## INFORMATION SUPPLIED

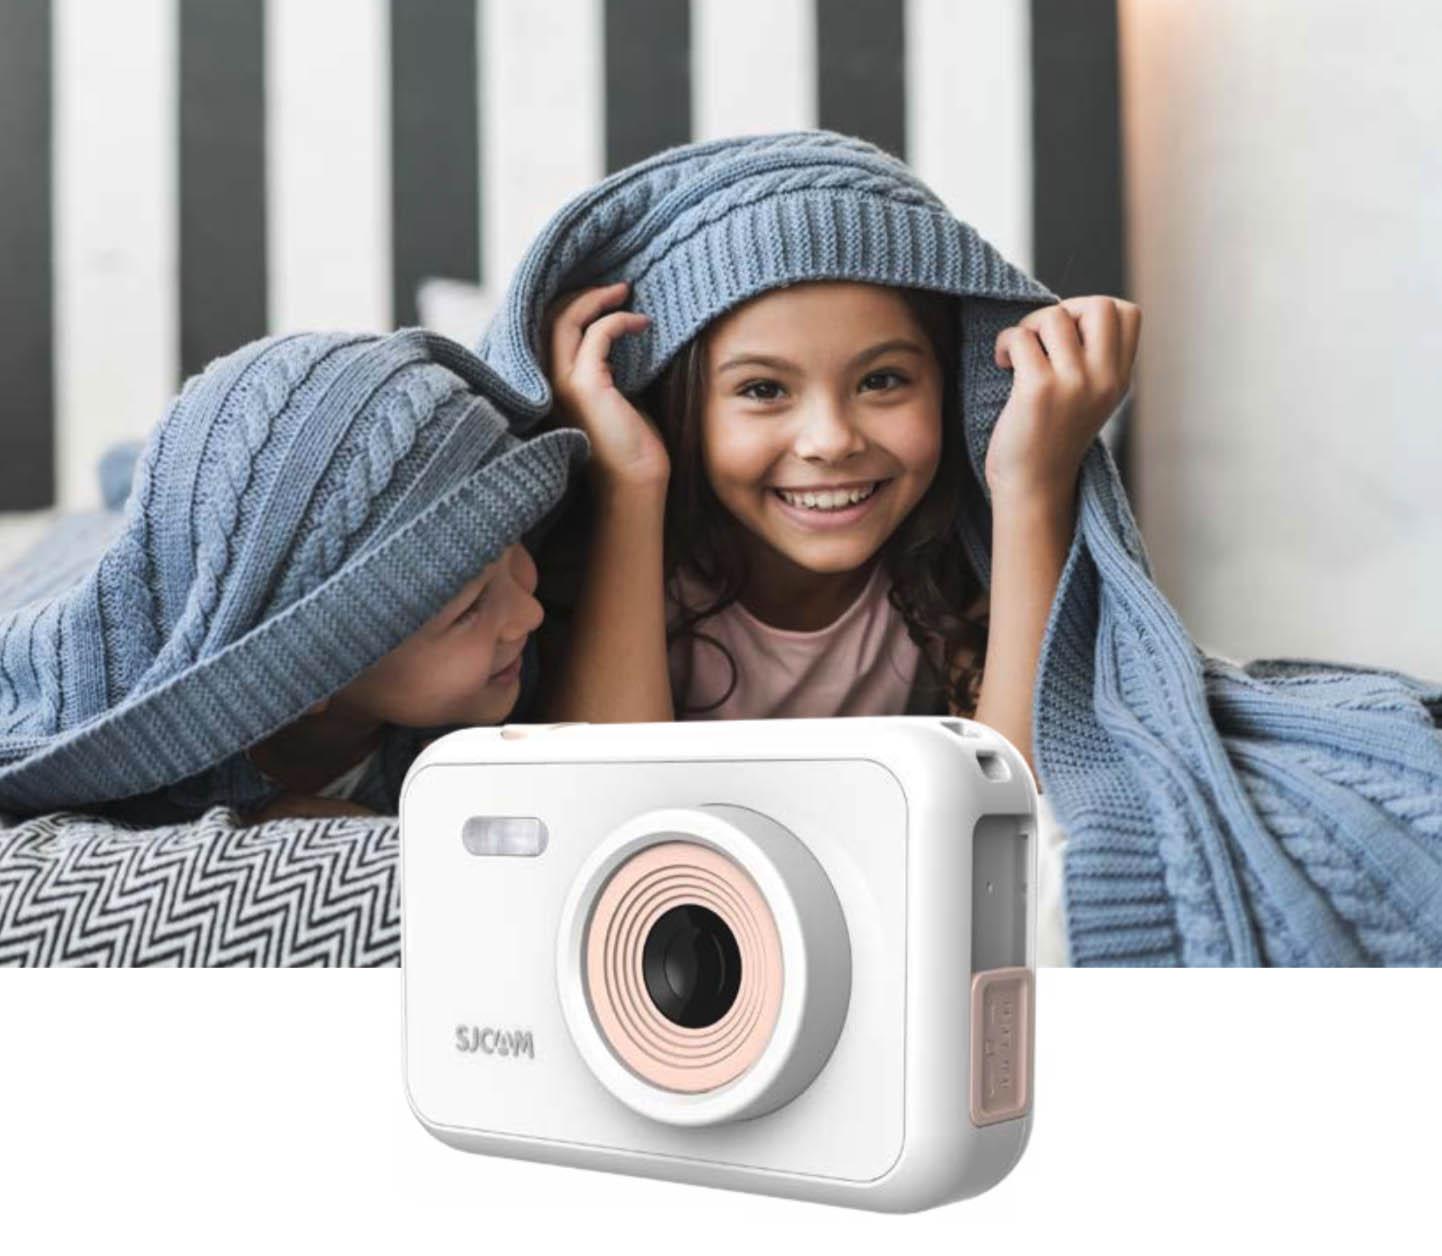 funcam-kids-hd-camera-features-2
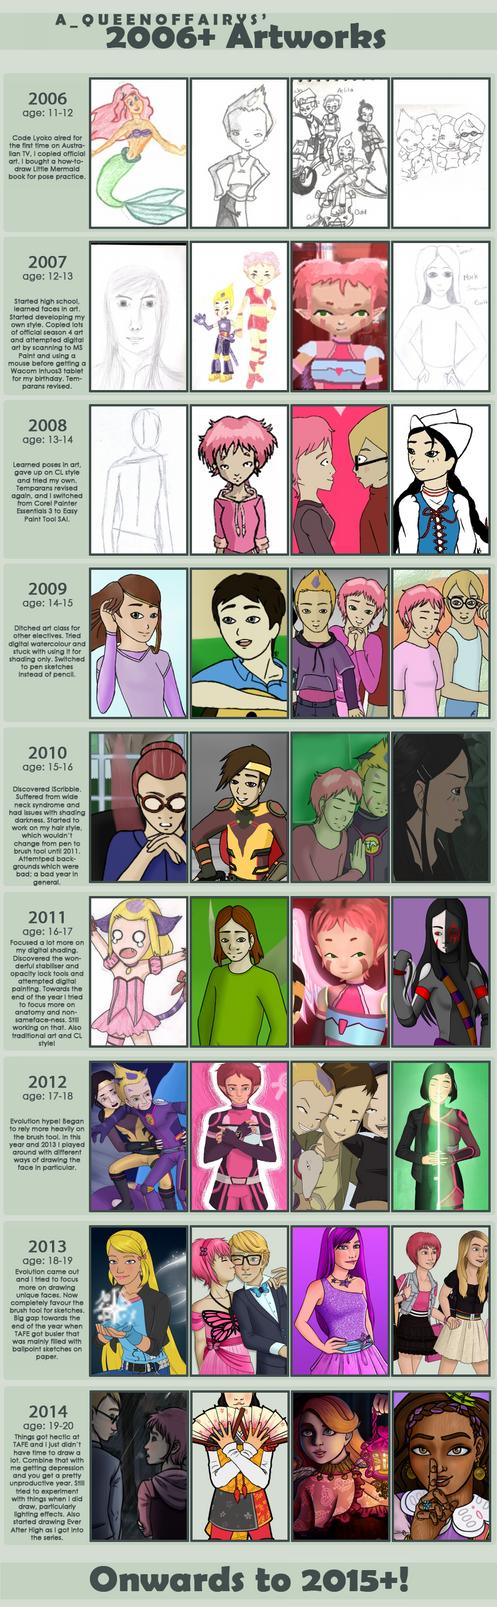 Improvement Meme by A-queenoffairys
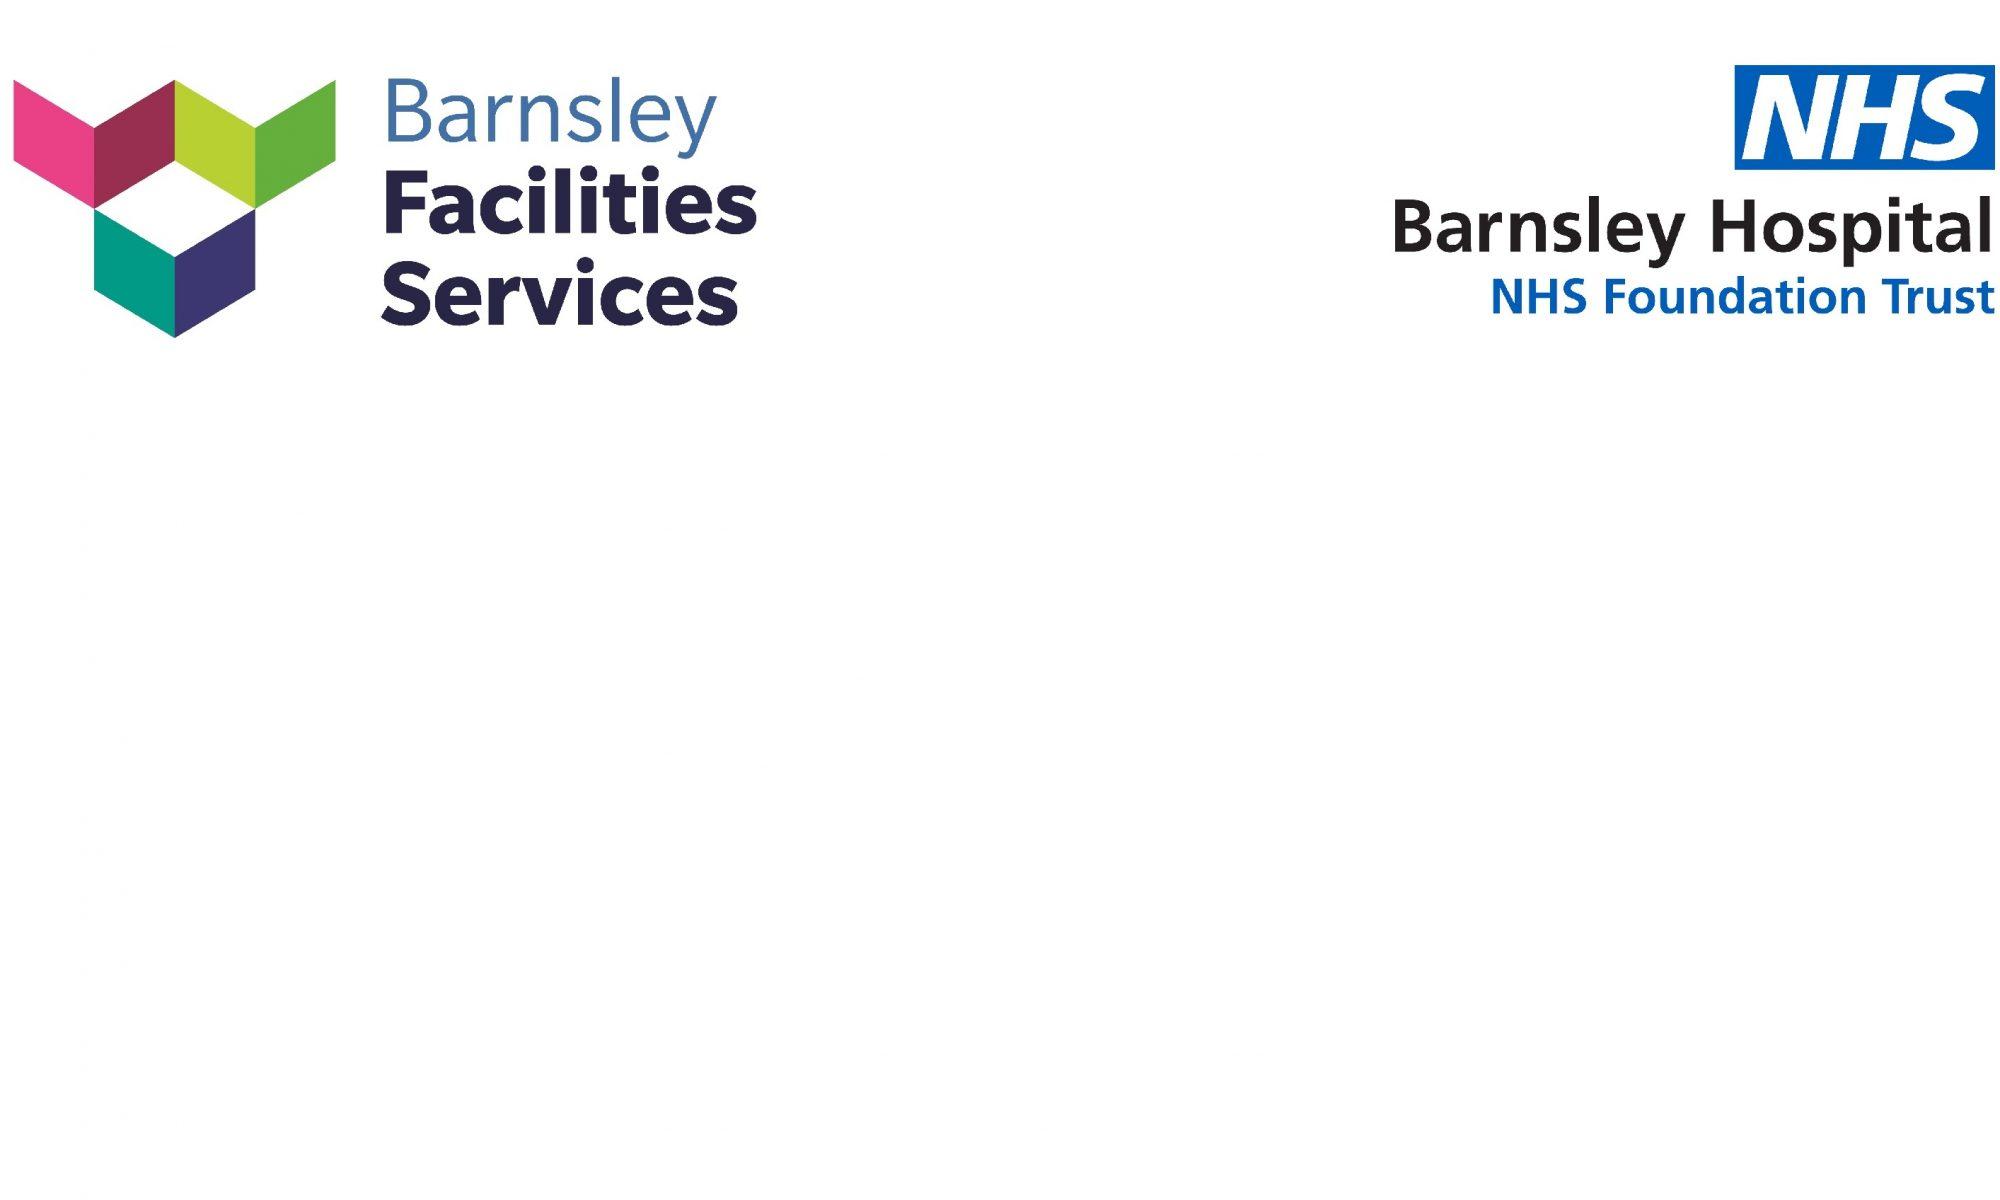 Barnsley Facility Services

## TASK DETAILS
Omit the pictures and write out exactly the lines from the one containing "Improvement Meme by A-queenoffairys" through the last line of the material.

## RESULT FOR THIS EXERCISE
 Improvement Meme by A-queenoffairys
 Barnsley Facility Services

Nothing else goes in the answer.